Within two hours after leaving Los Angeles, Barry Muth was already feeling effects of the long ride. A quadriplegic since a 1997 wreck in Saudia Arabia ended his career as an Army officer, he can still feel a deep burning sensation on his backside when he sits too long. For a temporary respite, he and some of the others in wheelchairs occasionally drew themselves up on their arms to relieve discomfort. “I may just get up and walk around,” he declared with a snort to Ted Holmes, a friend from Colorado who volunteered to help him on the trek. And then, he added quietly, “I wish.”

By the time the flight left from Taipei for Bangkok, the group had been traveling almost 24 hours, and the long stretch of trying to catch sleep in narrow economy seats began to tell. Riley Woods, 28, a law student from Waco, emerged from the Taipei-to-Bangkok flight with news that someone who had helped him onto the plane in Taiwan had taken his wheelchair with his day pack slung over its back. Reunited with his wheelchair, his pack was nowhere to be seen. “It has a lot of things — all my money, medicine I need,” he said.

Mr. Woods’ bag showed up at the Bangkok baggage claim, and he was so elated that he headed out into the night to explore downtown Bangkok with a group that included Mr. Rasinghe and Matt Standridge, 24, of San Marcos, another Challenge trek member in a wheelchair.

They returned just after dawn with tales of seeing one of the king’s palaces and an odd assortment of souvenirs found at the only store they could find open at 3.a.m., a Thai version of 7-11. They had picked up some “Fish-O” fish-flavored snacks, a Thai language newspaper, and neon-colored condoms. “Yeah, one night in Bangkok,” someone laughed.

Mr. Standridge mused that the trip was already special because it was with people ``I can relate to, who know how it is to get the look because you’re in a wheelchair.’’ By midmorning Mr. Woods was eating sushi “for the second time in my life,” cruising the Bangkok airport’s vast rows of duty-free shops and declaring, “I’ve got to travel more. This is great!”

Everyone except the late-night Bangkok crew got several hours sleep in an airport hotel, and Mr. Ezzell even found a friendly Thai handyman there who managed to stabilize the wobbly front wheel of his chair. “We managed to communicate, using the universal language of guys: fixing things,” he said.

Just after noon Monday, many in the group got the first glimpse of what they hope to stand on in a few weeks. As the Thai Airways jet cruised at 30,000 feet, the pilot pointed out the dark sharks-tooth peak of Mount Everest parallel on the horizon, its distinctive plume of clouds trailing to one side.
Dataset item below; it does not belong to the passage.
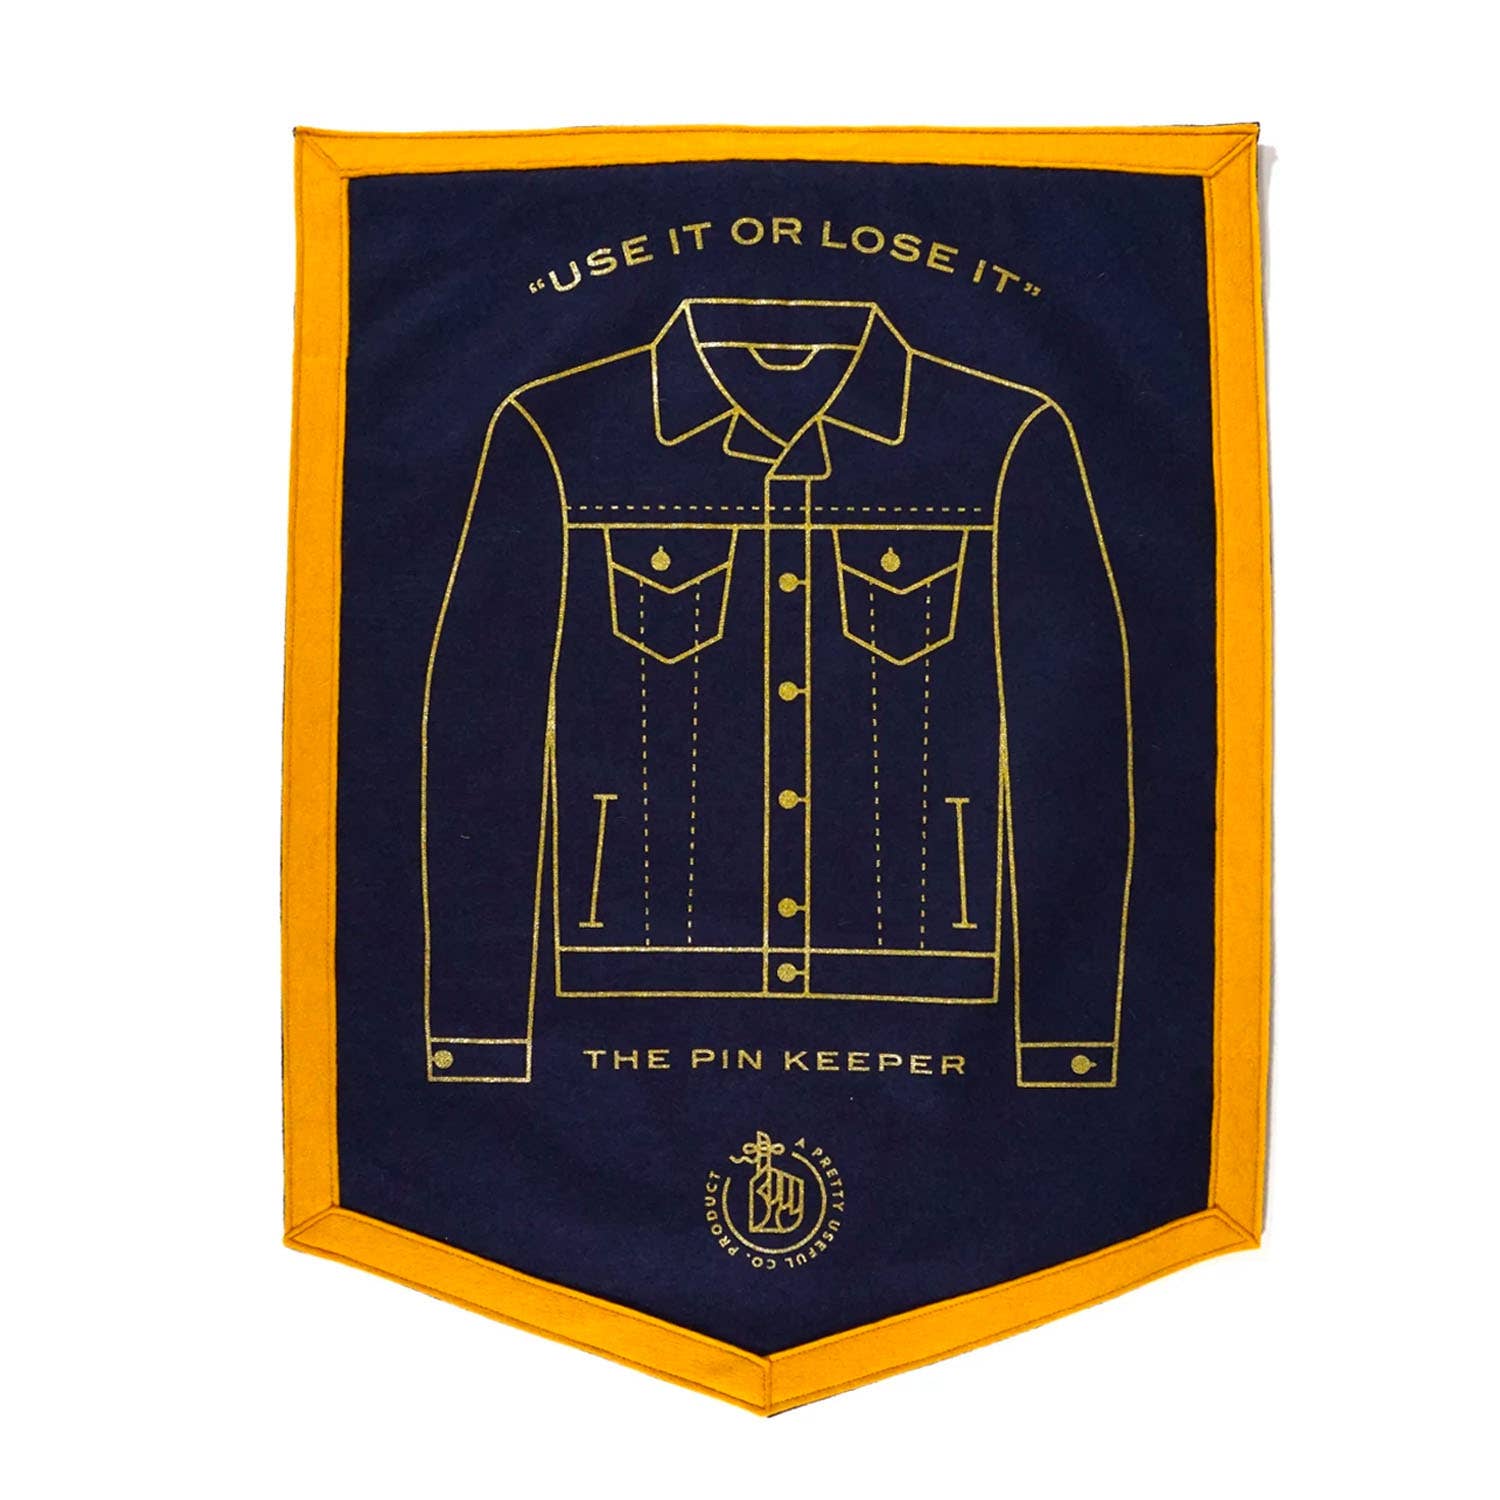 Oxford Pennant Pin Keepers - Denim Jacket Camp Flag

Within a few hours more, the group was winding by bus through the smog-choked city of Katmandu, staring up at buildings festooned with bright Buddhist prayer flags and then back down to dusty, crowded streets where every fourth or fifth man – and virtually every young boy — had faces and much of their shirts stained bright red.

Two team members who had come early to Katmandu to visit schools for the deaf, Austin teachers Mark Gobble and Christine Kane, walked into the group’s hotel soon after to explain that the red faces honored a Hindu festival known as Fagun Purnima, or Holi. The principal means of celebration – chucking water and paint balloons from rooftops onto the heads of passerby — was particularly appealing for Katmandu’s young boys, and the two teachers already had been easy targets several times that day.

Sipping lime-spiked tea from a hotel balcony overlooking the ancient, flag-decked Boudhanath, one of the largest the Buddhist shrines, or stupas, in the world, the group laughed at the teachers’ tales of friendly assaults and other adventures in the gritty Asian city. And then someone asked for a toast. “To the largest group of disabilities going up Everest,” responded Gene Rodgers, 47, a quadriplegic from Austin. “It won’t be the last.”